While the guisado is cooling, this Oaxacan family moves quickly and expertly to clean and prepare for the next task, making the iguana tamales.

It's still dark outside, with a typical Isthmus cold wind blowing and chilling the air, and the family smiles and jokes with each other in their Asian-sounding native language, Zapoteca, as they lay out the tamale preparation table and get the masa and mole amarillo (prepared the previous night) in place for the production.

Just outside Juana's kitchen window is a large tree with almost-ripe plantains. From this tree, she carefully selects the large leaves used for the wrapping of the tamales.

She spreads masa on a plantain leaf square, adds a piece of iguana, covers it with mole and folds the leaf from left to right, top to bottom. The finished tamales are placed in a steamer and steamed for an hour at medium heat.

By the time the sun appears over the horizon and the early morning dew subsides, the family has already cleaned their work area and has moved on to their individual daily tasks. Juana is ready to head out to the Tehuantepec mercado. Carefully placing her goods in an oversize handmade basket, she slowly lifts it onto her head, magically balancing it on a scarf.

By 8 a.m., Tehuantepec is buzzing with these beautiful Zapotec women carrying their goods to market, an array of color moving sensually and hypnotically through the streets of town. Once at market, the calls and chants begin.

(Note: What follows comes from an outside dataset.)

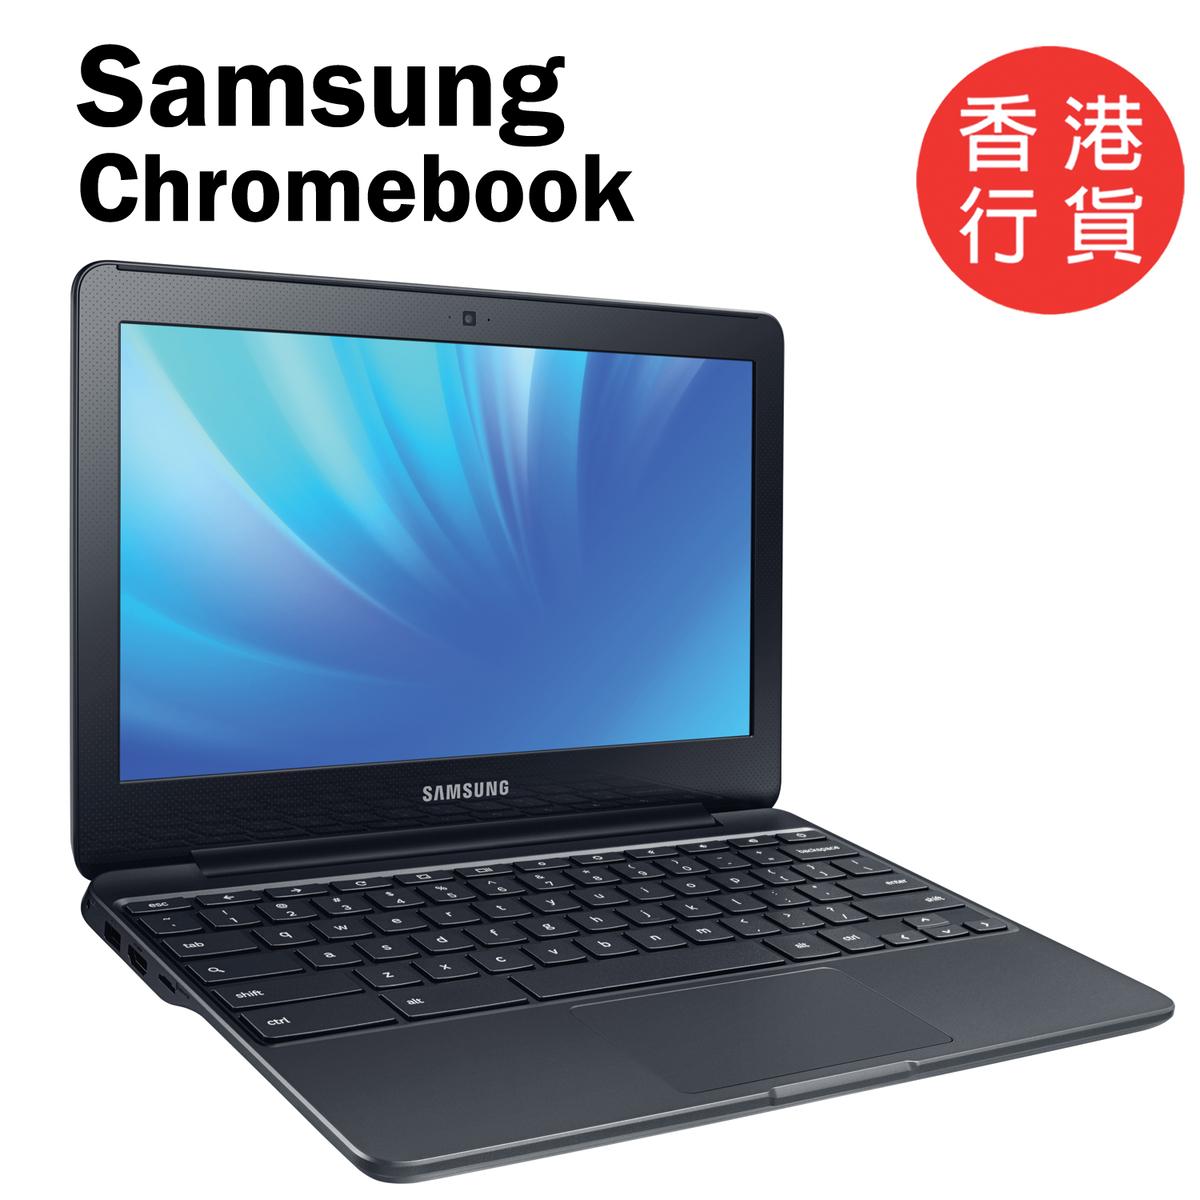 "(11.6"", N3060,4GB RAM,32GB eMMC) XE500C13-K01HK Chrome OS 筆記簿型電腦"

Compared to other goods, Juana's guisado and tamales are expensive. A tamale will cost $1, and you can purchase a tail and leg of iguana for about $1.70.

But the price is not a deterrent for the local Tehuantepec people. By noon, the goods are gone and Juana cleans her little corner table near the entrance to this dark and drab market. With the sun high above, she balances her basket on her head once again, this time for the trip home.

By the way, yes, iguanas taste like chicken.

Silvana Salcido is a Phoenix-area chef who is spending a year traveling in Mexico and studying the country's regional cooking and cuisine.